For a space that could be compared to a country without borders or a landscape with ever receding boundaries, it’s dangerous to label anything as the best thing on the internet. But even reggae aficionados would be hard-pressed to dispute the claim that Ian Causer’s House of Reggae is one of the best reggae shows on the internet. Now in its seventh year, the show (with 144 episodes) is posted, more or less, on a weekly basis.
The Con sent him a few questions.
What led you to start this station?
I had been DJing on and off since the 1990s and I was introduced to the idea of making a podcast by my friend Mike Murphy who had started his own reggae show, Big Mikey Dread Reggae Radio. I guested on Mike’s show a couple of times and watched how he put it together, and then came up with my own idea of what I could do, and how I’d like my own show to sound. I put together a couple of sample shows, uploaded them and received some positive feedback, and so I kept going. That was back in 2007. The show has evolved slightly since then but is fundamentally still the same format and I have now made more than 140 shows covering all aspects of Jamaican music from the ’50s through to the present day.
Your station is marked by beautiful music, an archivist’s interest in the music itself and the historical milieu in which the sound originated. Did you notice a gap in modern DJing? Why did you opt for a pedagogical approach?
Jamaicans have produced and released more music in the past 50 years per head of population than any other country in the world. And these records are full of beautiful rhythms and charismatic voices, as well as innovative and groundbreaking ideas that have gone on to influence other musical genres all over the world. But unlike jazz, reggae’s never-ending stream of music can have a very confusing and contradictory history. For example, no musician credits or recording details were ever noted down back in the ’60s and ’70s, unlike the great jazz recordings where you can find out which musicians played on which particular takes of each song, who played each solo, and so on. But reggae relies a lot more on oral history, which can often be contradictory as people’s memories play tricks on them, because if you try to remember who was with you on a particular day 40 years ago, you can easily confuse days and dates. Likewise, the history of reggae is an imperfect history, which I like, but which is also extremely confusing for an outsider like me. So I like putting together little pieces of reggae’s eternal puzzle by making connections through the rhythms, or discovering an influence or inspiration behind a particular record. This has been a huge learning curve for me in gaining a better understanding of the music, and hopefully by making the shows in the way I do, I’ve also helped other people untangle some of these mysteries and set them off on their own paths of discoveries of one of the great musical cultures of the world.
When was the station founded? Why call it House of Reggae?

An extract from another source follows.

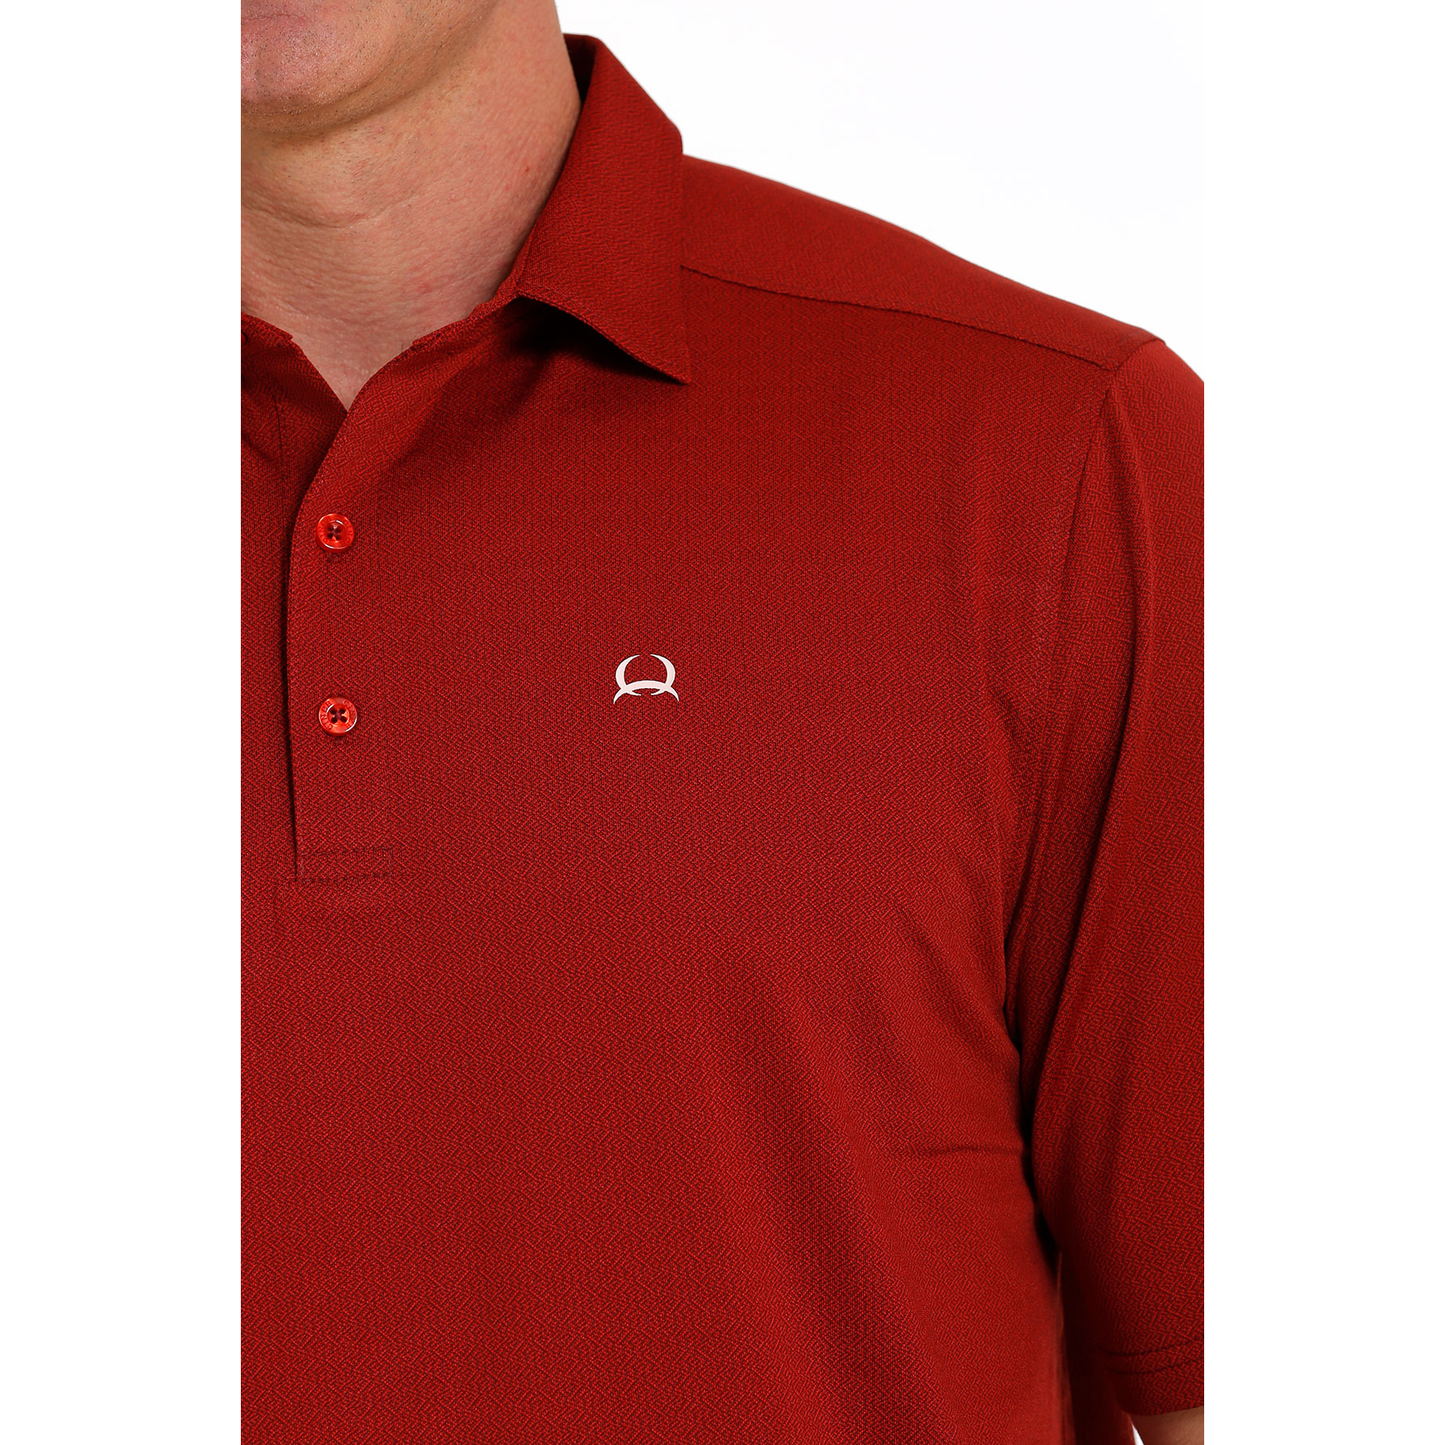 Cinch Men's Areanflex Red Polo Shirt MTK1863032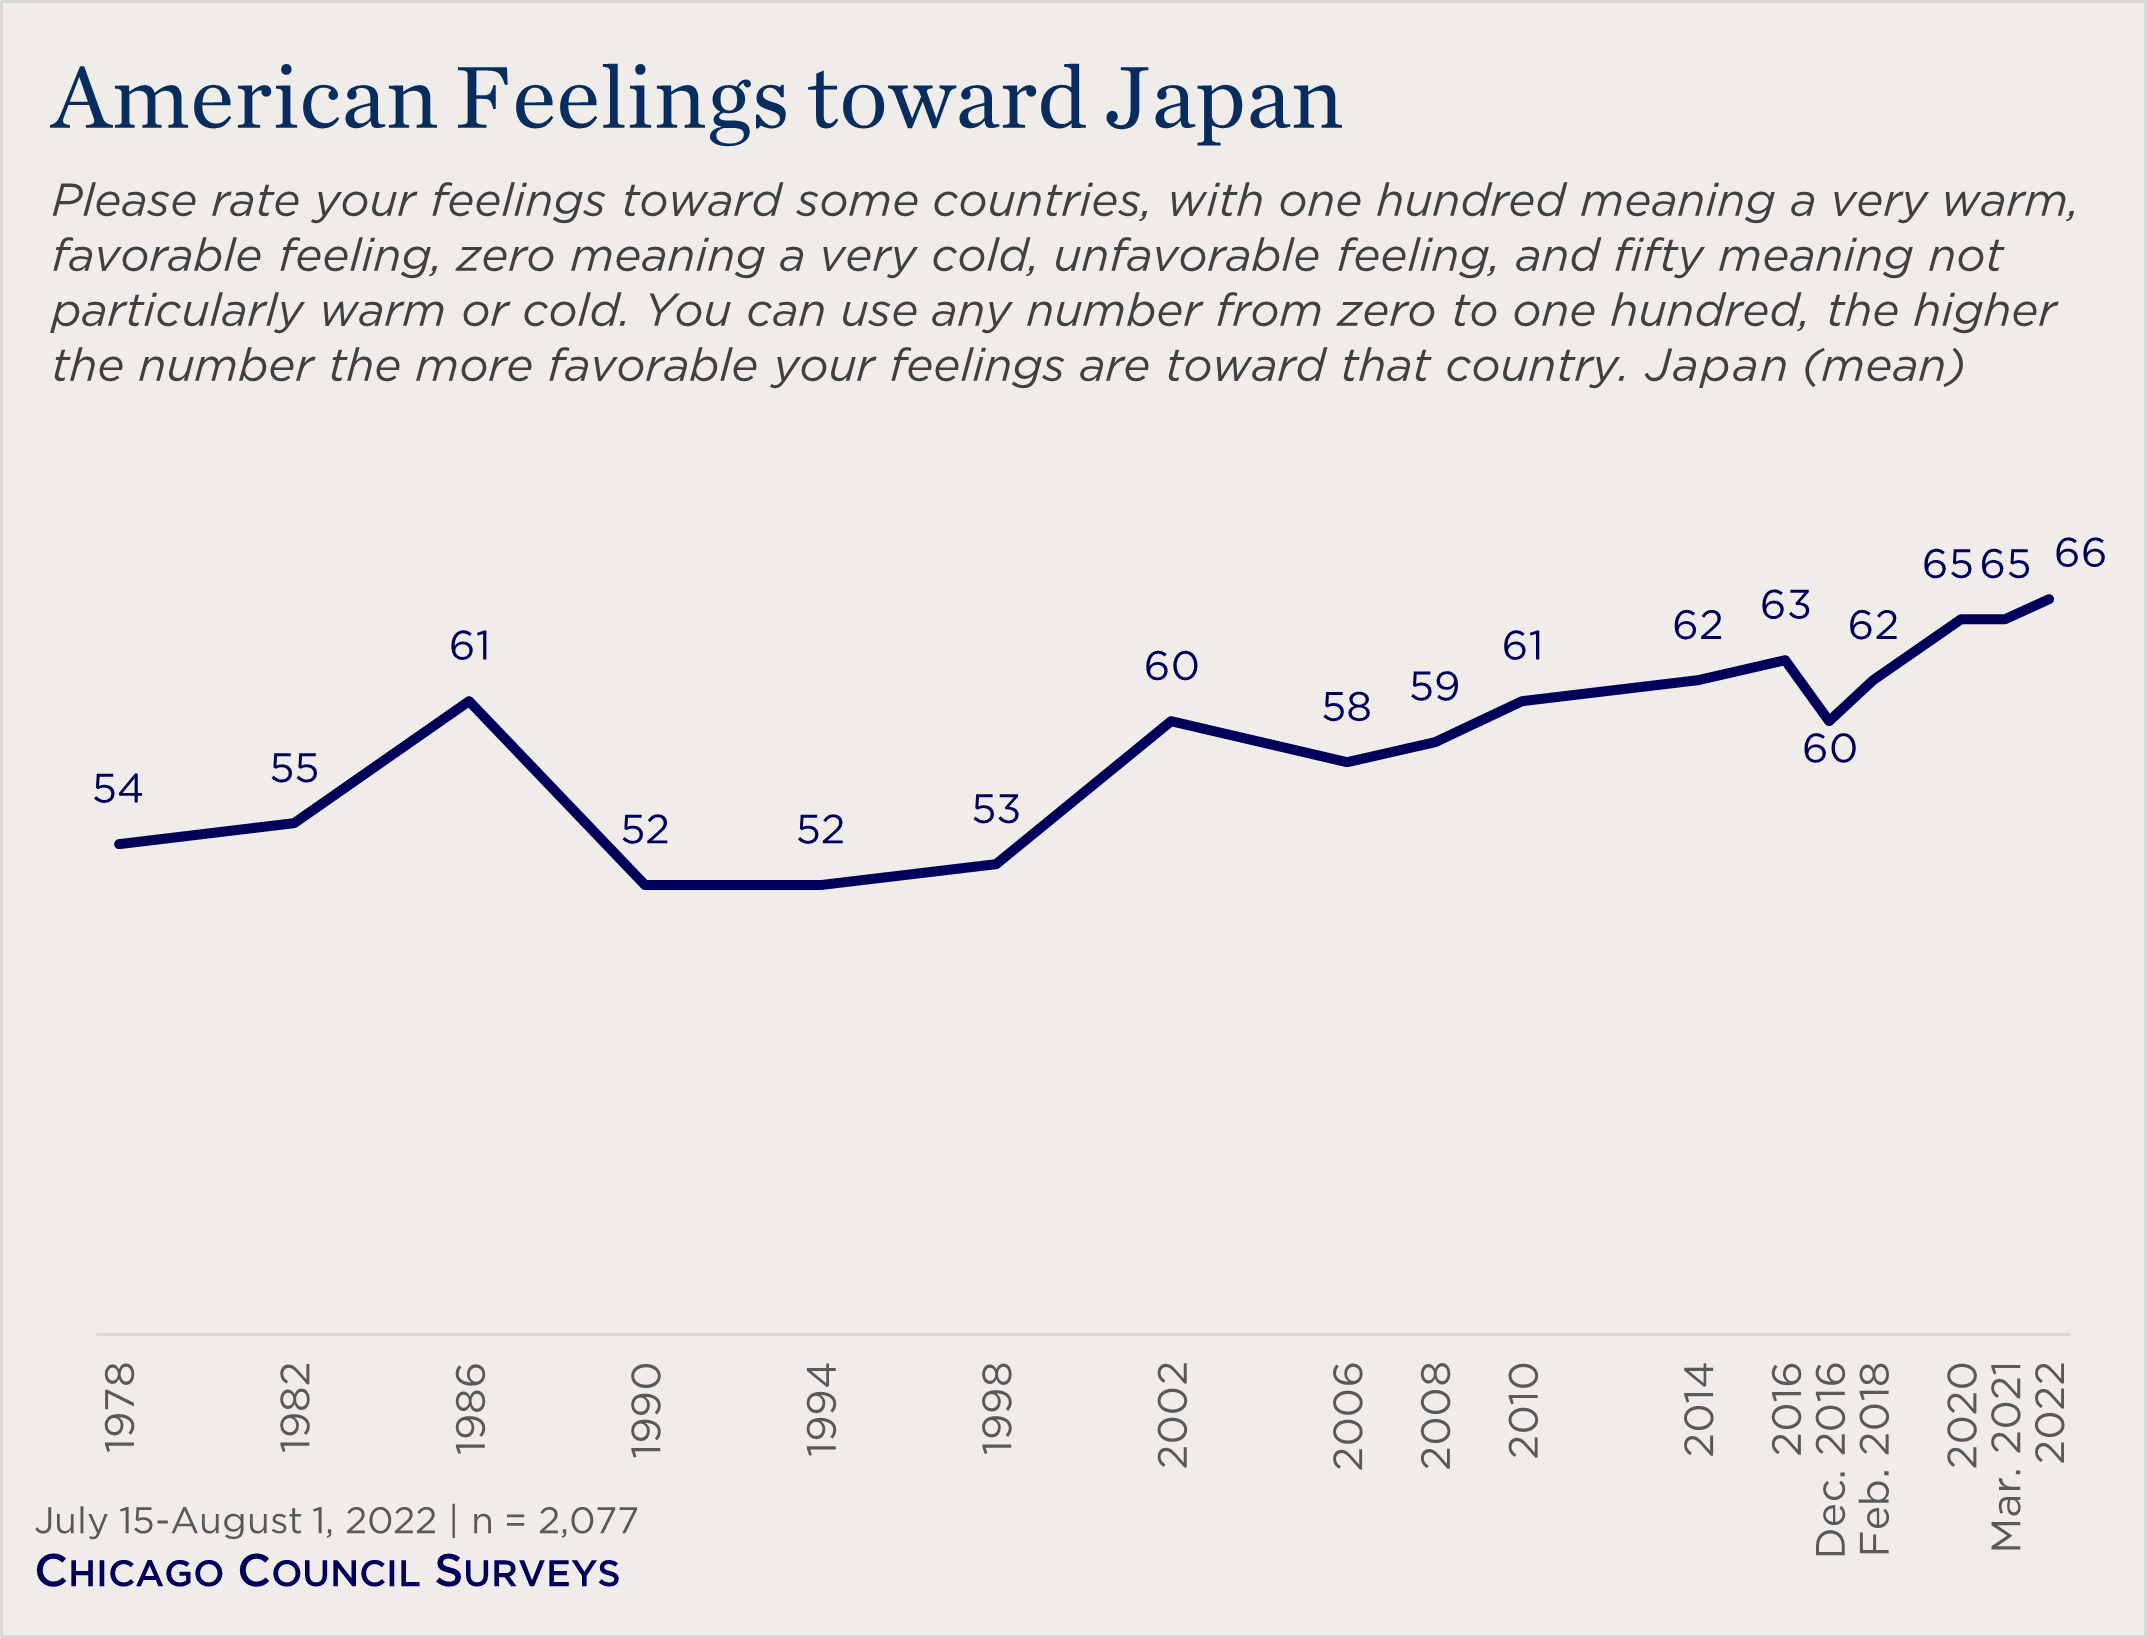 line chart showing American feelings toward Japan over time

I started making the podcasts and uploading them on to the Podomatic site in 2007. An initial idea I had was to make it feel like I was inviting the listener into my house, making them a cup of tea, and then playing some records, while I regaled them with some trivia or facts about each record. Six years later, my approach hasn’t changed that much!
How long does it take you to come up with a show? What are the difficulties you sometimes encounter?
Each show usually takes a couple of weeks to make, although some of the themed ones have a longer gestation period, while I throw some ideas around. For example, I’d wanted to make a sound system special for a while, but I wasn’t quite sure how I would achieve it, as sound systems are essentially live and so not released on record. I had a few ideas for which I wrote up various potential track lists, such as records that mentioned sound systems or released dub-plate mixes, or extracts from live sound tapes. Eventually I settled on a track list that I felt represented such a huge topic in just a few examples. But because of the limits of the format, I never claim anything I’ve made to be a definitive history or even to be 100% accurate. It is a personal selection that can be used simply as an enjoyable hour of music and chat.
Do you remember when you bought your first record? Do you remember the artist?
I’ve been buying records for as long as I could afford to buy them. I now have far too many than is healthy! Like most people around the world, my first introduction to reggae was Bob Marley. I heard his Legend compilation, and then soon afterwards bought both the Burnin‘ and Live albums and was seduced by both the skanking rhythms and the revolutionary lyrics. My reggae eyes were then opened wide by the four-disc box set, Tougher than Tough, which came out in the early ’90s. This introduced me to the depth and breadth of music from Jamaica and helped me understand how the music has evolved over the decades. I must also mention the Blood & Fire label, whose reissue programme throughout the ’90s helped me delve deeper into the crazy world of dub and helped me recognise the influence it played in the evolution of dance music around the world.
Are you optimistic about the kind of reggae music that is coming out now and the message is gives?
Yes, there is a lot of really good music coming out of Jamaica right now. Every few years there seems to be a new generation of artists and currently there is a strong roots revival happening through singers, DJs and groups like Chronixx, Jah9, Protoje, Jesse Royal, Raging Fyah and Pentateuch. There are also some great producers, such as Donovan Bennett, Rory Gilligan and Zinc Fence, and hopefully with the success that Chronixx and Zinc Fence in particular are currently having, it will inspire other producers to be more creative in their rhythms and keep the current momentum.
Who are you listening to at the moment?
Jah9’s debut album New Name is a roots tour de force, with heavy rhythms and a very distinctive delivery. Chronixx is a hugely talented artist, who over the past year has released a string of great singles like Smile Jamaica, Warrior and Selassie Souljahz, and has also co-produced some great new music by the likes of Kelissa McDonald, whose Rebel In Disguise EP has merged traditional African sounds with reggae rhythms. I’m also always delving back into the history of Jamaican music and there are a number of great reissue record labels out there that are located all over the world – like Digikiller Records (USA), Only Roots (France), Pressure Sounds (UK), Dub Store (Japan) – and are releasing many rare and even previously unreleased records from the ’60s, ’70s and ’80s, and all of them are well worth checking out.